How can you create a stand-alone business in record time?

A global firm looked to set up a subsidiary with operational capabilities in less than six months.

When a multinational conglomerate purchased 2,500 producing oil and gas wells in Texas, the nearly $1.5b deal marked the organization’s entry as an operator in the US onshore oil and gas market. Rather than integrate the new assets into the overarching business, the company decided to set up a stand-alone business to manage the wells and any future US oil and gas producing acquisitions.
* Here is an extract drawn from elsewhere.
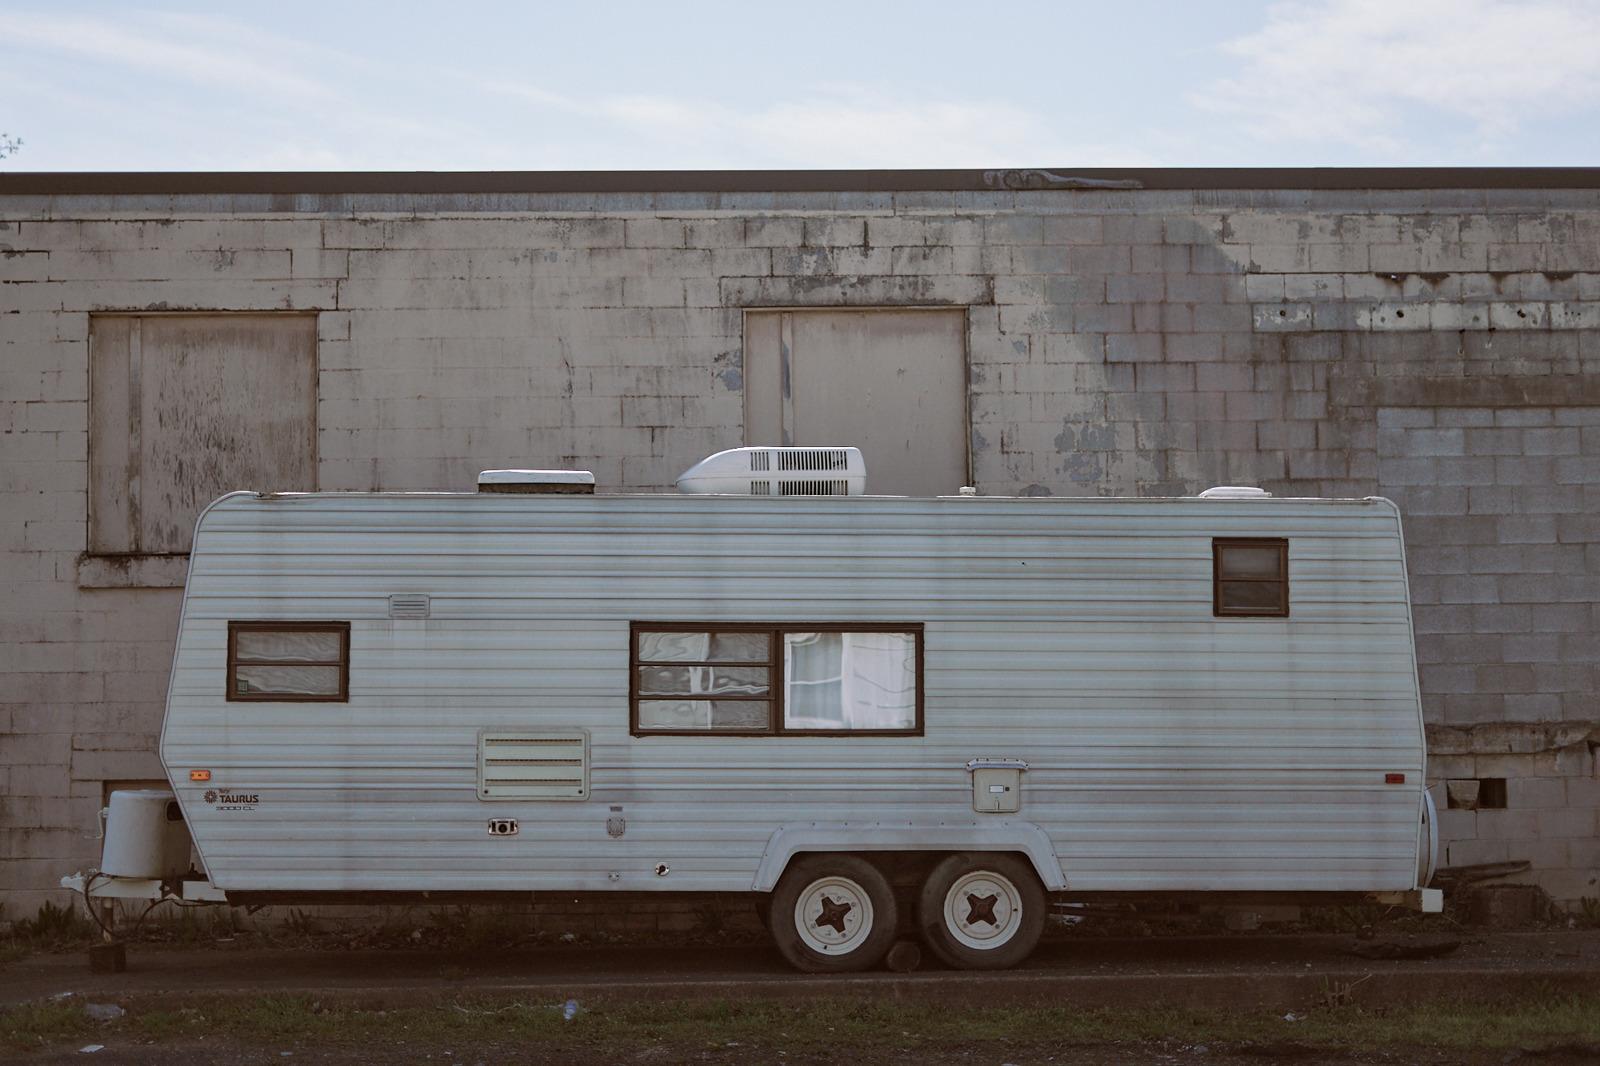 RV, travel trailer, Mechanicsburg, Pennsylvania, street photography
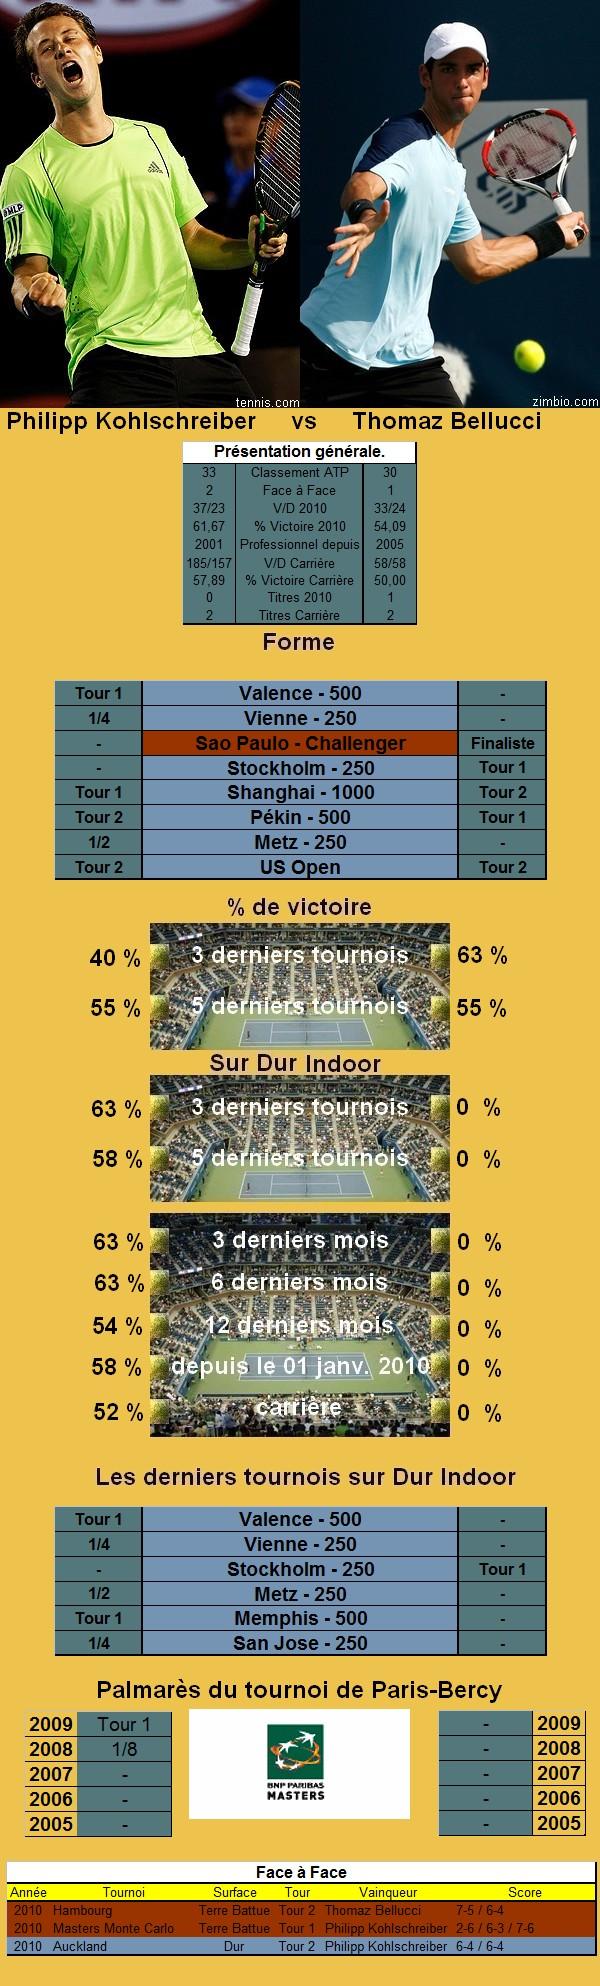 Statistiques tennis de Kohlschreiber contre Bellucci à Paris Bercy

But starting a subsidiary from scratch created a complex set of challenges including:

  • Designing a lean organization and then executing on a rapid hiring plan to build the right team
  • Implementing an SAP enterprise resource planning (ERP) system to replace a customized system that had been built over 10 years
  • Deploying a field supervisory control and data acquisition (SCADA) system to operate the asset; selecting a leading-edge cloud-based provider instead of the more costly incumbent
  • Establishing a supply chain function with efficient systems and processes, which required onboarding more than 400 unique suppliers
  • Determining opening balance sheet for the newly acquired business as of the date of the transaction close; applying accounting policies established by the parent company under international financial reporting standards (IFRS)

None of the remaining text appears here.